To measure the radiation pattern, the horn antenna was positioned 15cm away from the chip and the amplitude at each angle was recorded while rotating the horn antenna. Depending on the plane in which the horn antenna is swept, samples of the entire 3D pattern can be captured (Fig. 6.16). The two transmitters connected to the same antenna shows orthogonal end-fire radiation patterns, as expected. The nulling is not as deep as the simulation results because the signal level in this direction is hitting the noise floor of the sampling scope. On the other hand, when sweeping orthogonal to the PCB board, the radiation pattern shows a null or full coverage depending on whether it is in the feed direction or not, matching with our antenna simulation pattern. The receiver antenna pattern (Fig. 6.16) also demonstrates the desired antenna characteristics. Notice that the in-plane radiation pattern of the transmitter and receiver are quite different; this is due to the fact that the transmitters are connected to the antenna with a 45° rotation from the receivers.

6.4 Summary

In this chapter, the design of efficient on-chip antennas is discussed. A slot-loop antenna was chosen in this design because its intrinsic ground plane eases the integration with other circuitry. Design procedures for the antenna were shown and 30% efficiency antenna was im-
implemented on a CMOS die. To overcome the limited radiation coverage in end-fire direction, a multi-access antenna structure is proposed to implement antenna diversity using a single antenna. The T/R switch is also eliminated using the same idea. The measurement results confirmed that the antenna efficiency is above 25% while demonstrating the expected full coverage in the end-fire direction.
Chapter 7

Fully Integrated 4-Element Phased-Array

The 4-element transceiver array was fabricated in TSMC’s 65nm CMOS G+ technology to demonstrate our proposed techniques (Fig. 7.1). The antennas are placed in a 2X2 fashion with 1.4mm spacing between them. This spacing is less than $\lambda/2$ and was limited by the total silicon die area.

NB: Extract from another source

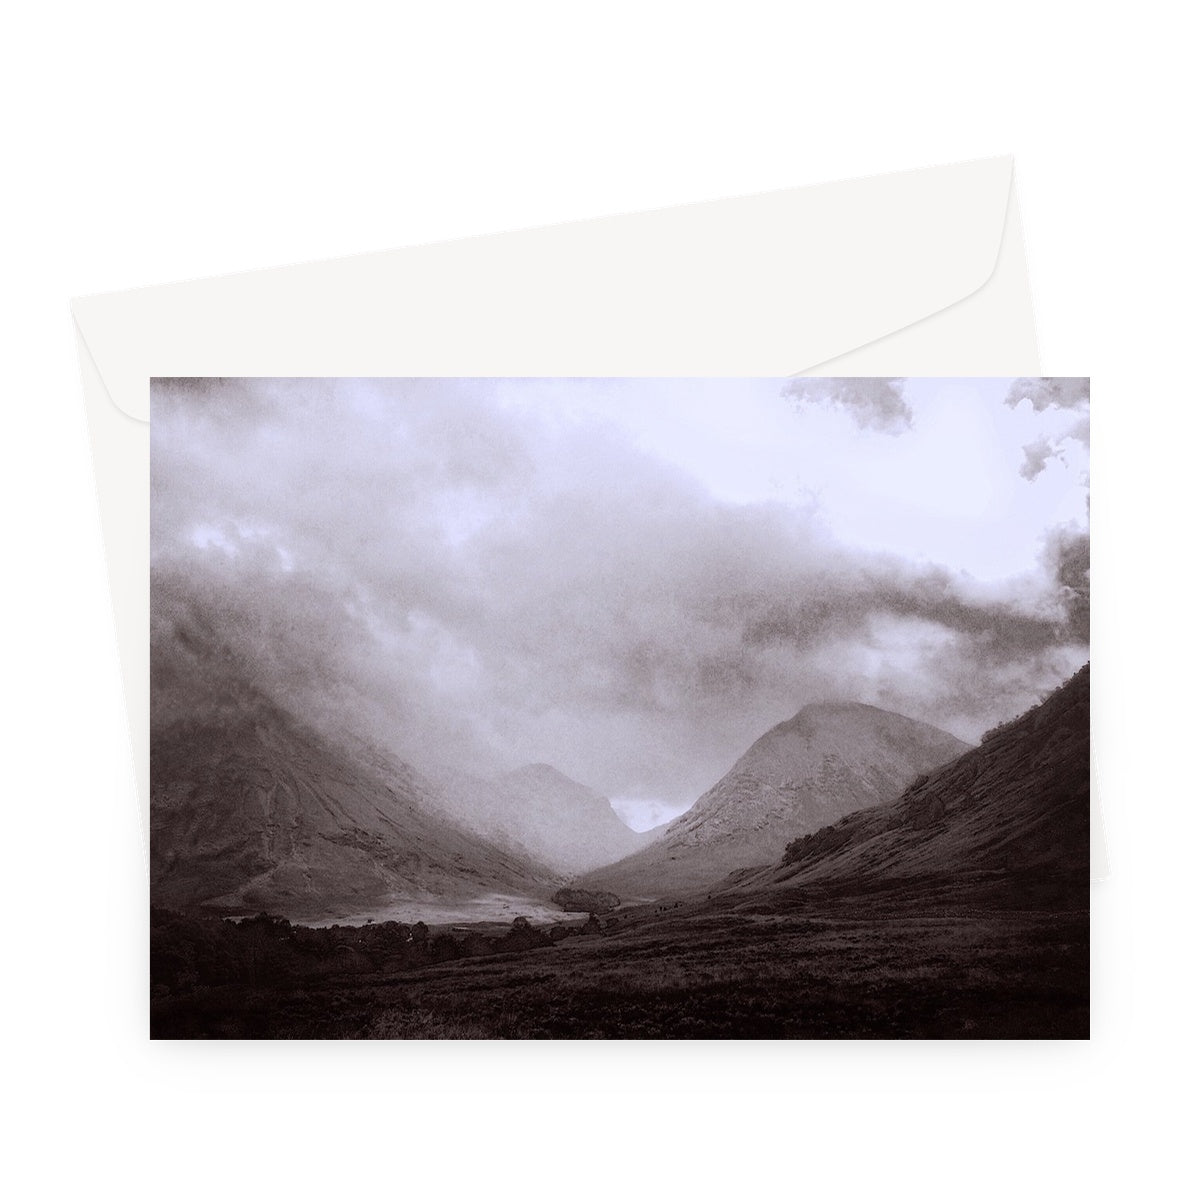 Glencoe Mist Art Gifts Greeting Card-Greetings Cards-Glencoe Art Gallery-A5 Landscape-1 Card-Paintings, Prints, Homeware, Art Gifts From Scotland By Scottish Artist Kevin Hunter
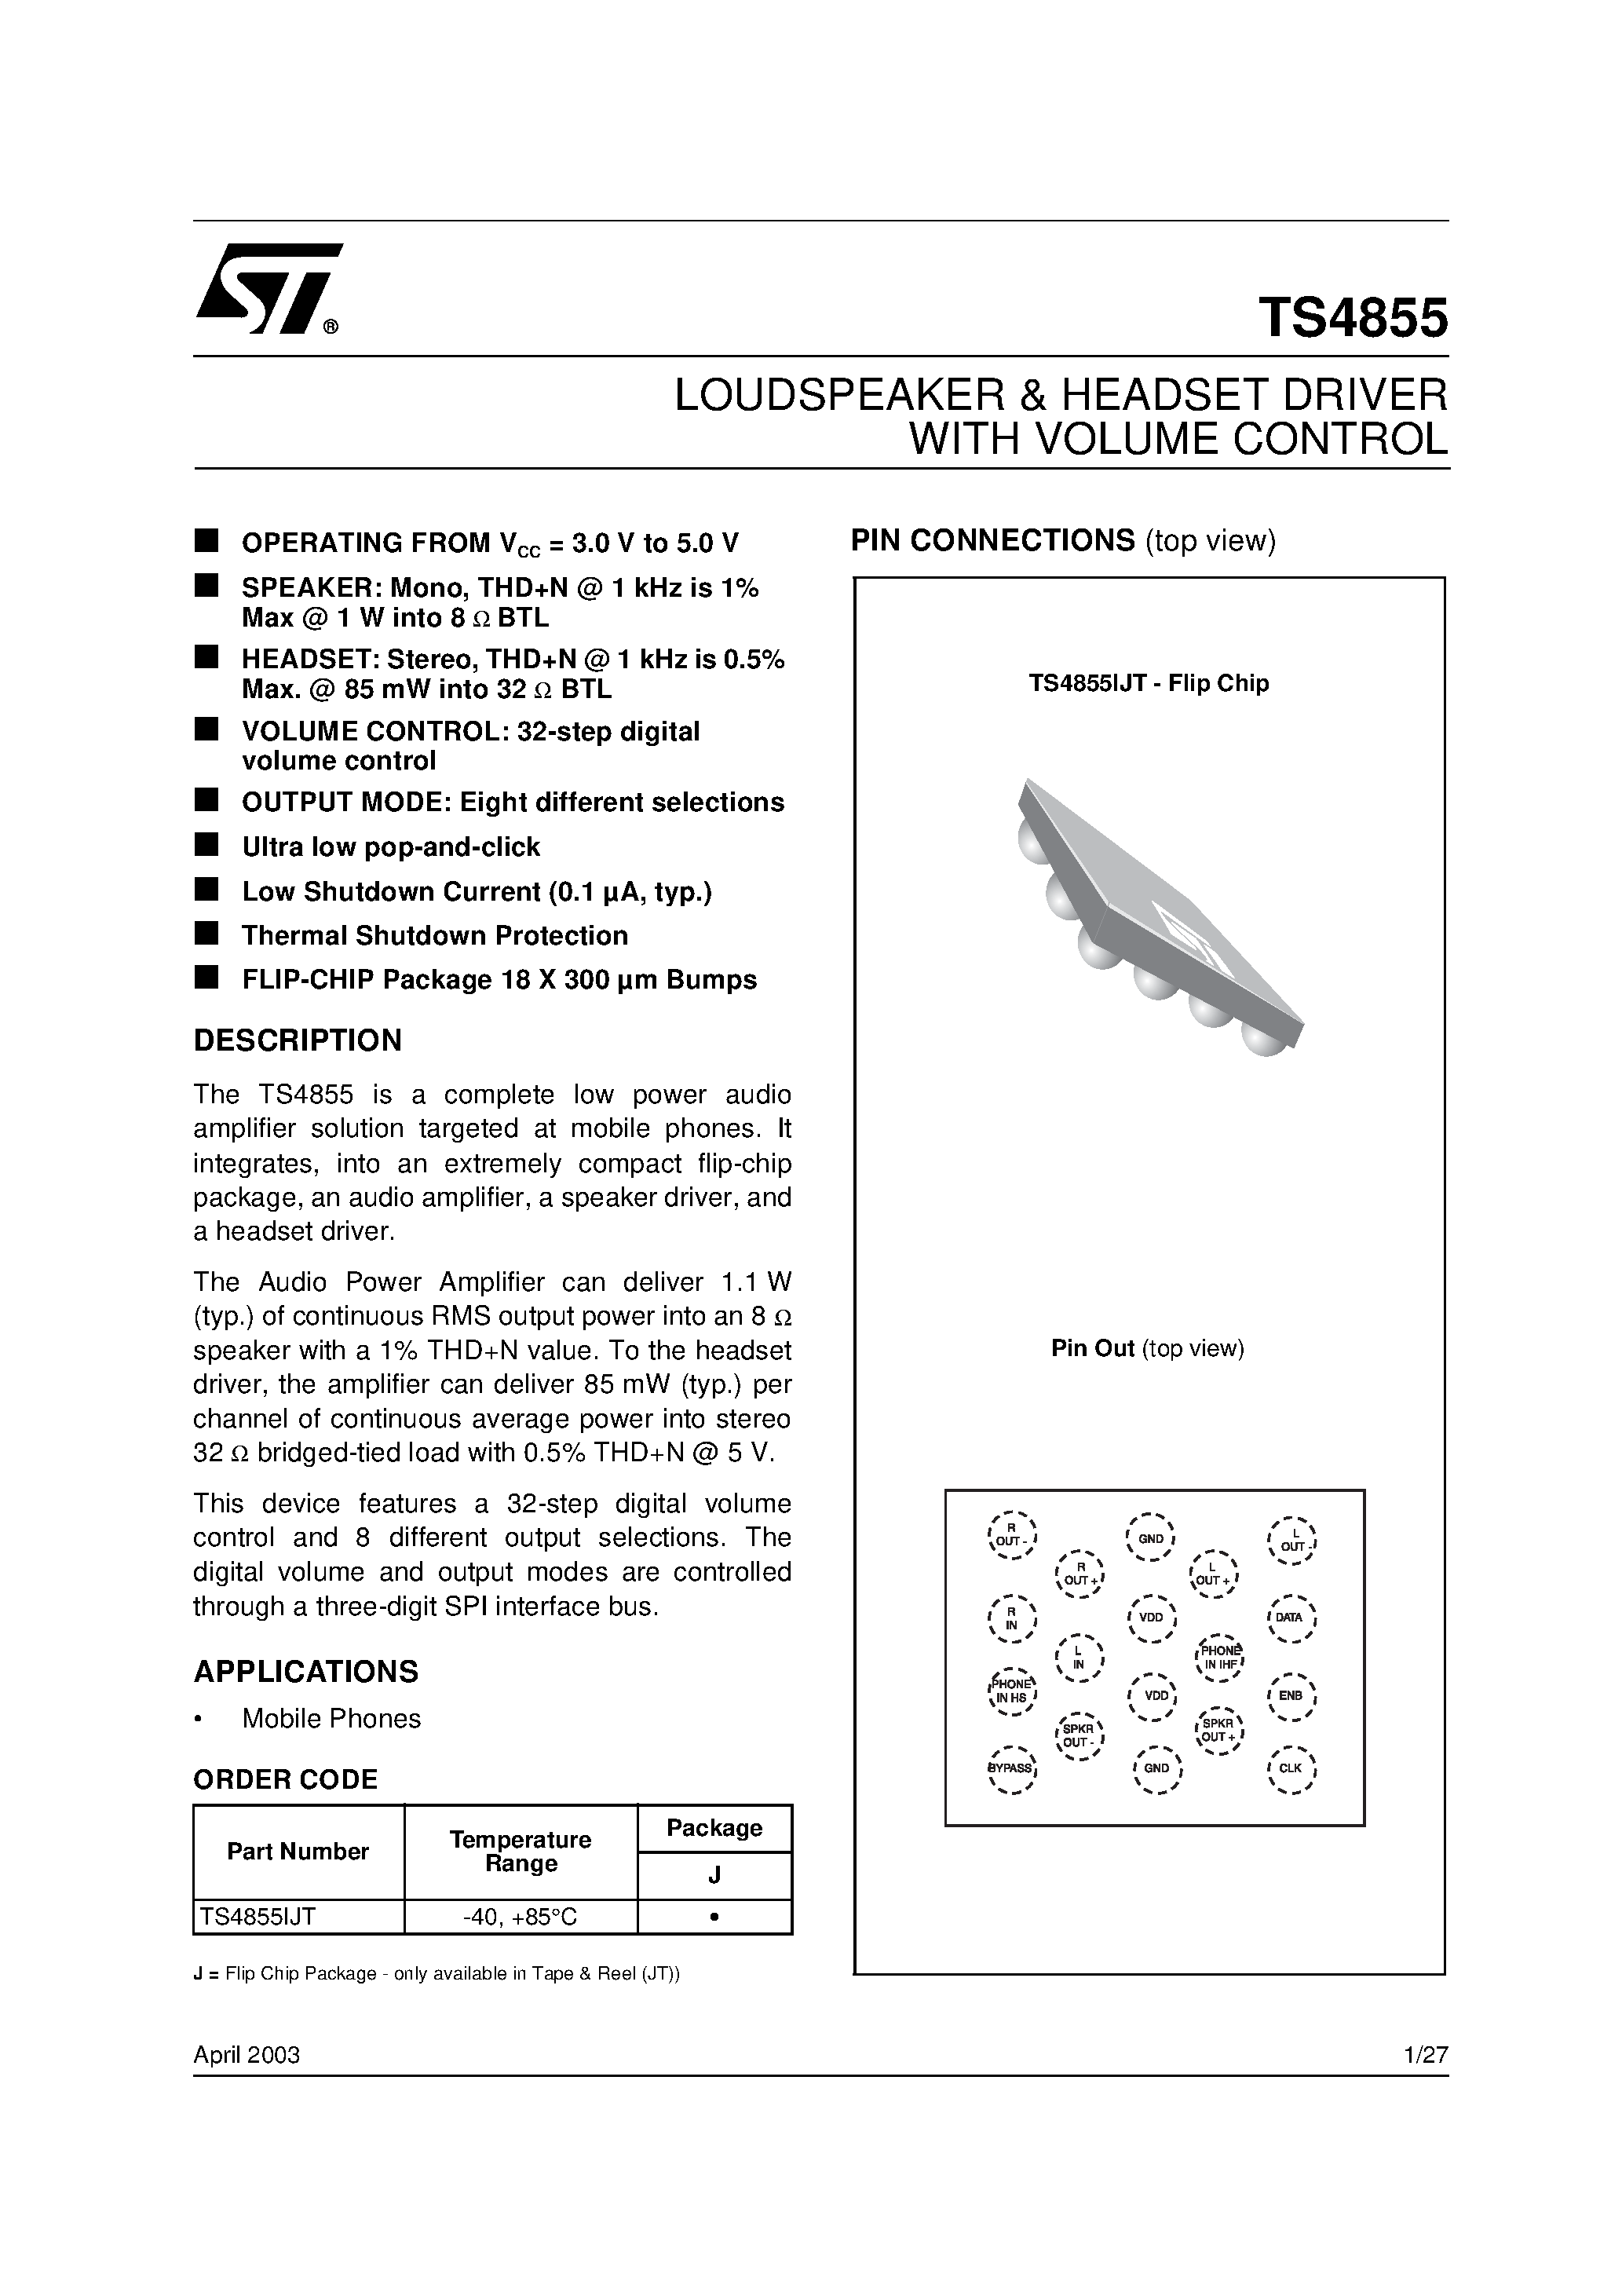 Datasheet TS4855 - LOUDSPEAKER & HEADSET DRIVER WITH VOLUME CONTROL page 1

Figure 7.1: Die photo of complete transceiver.
7.1 Phased-Array Measurement

7.1.1 Transmitter Phased-Array Measurement

Similar to the transmitter antenna pattern measurement mentioned before, the array measurement of the transmitter was performed using an external horn antenna and the 70GHz sampling scope.

To achieve the optimum phase settings, the horn antenna was placed at the desired direction and only one transmitter was turned on. The second transmitter was then turned on and its phase setting was swept to maximize the signal amplitude acquired on the scope. Similar procedures were taken for the third and then the last transmitter, resulting in maximum EIRP in the desired direction.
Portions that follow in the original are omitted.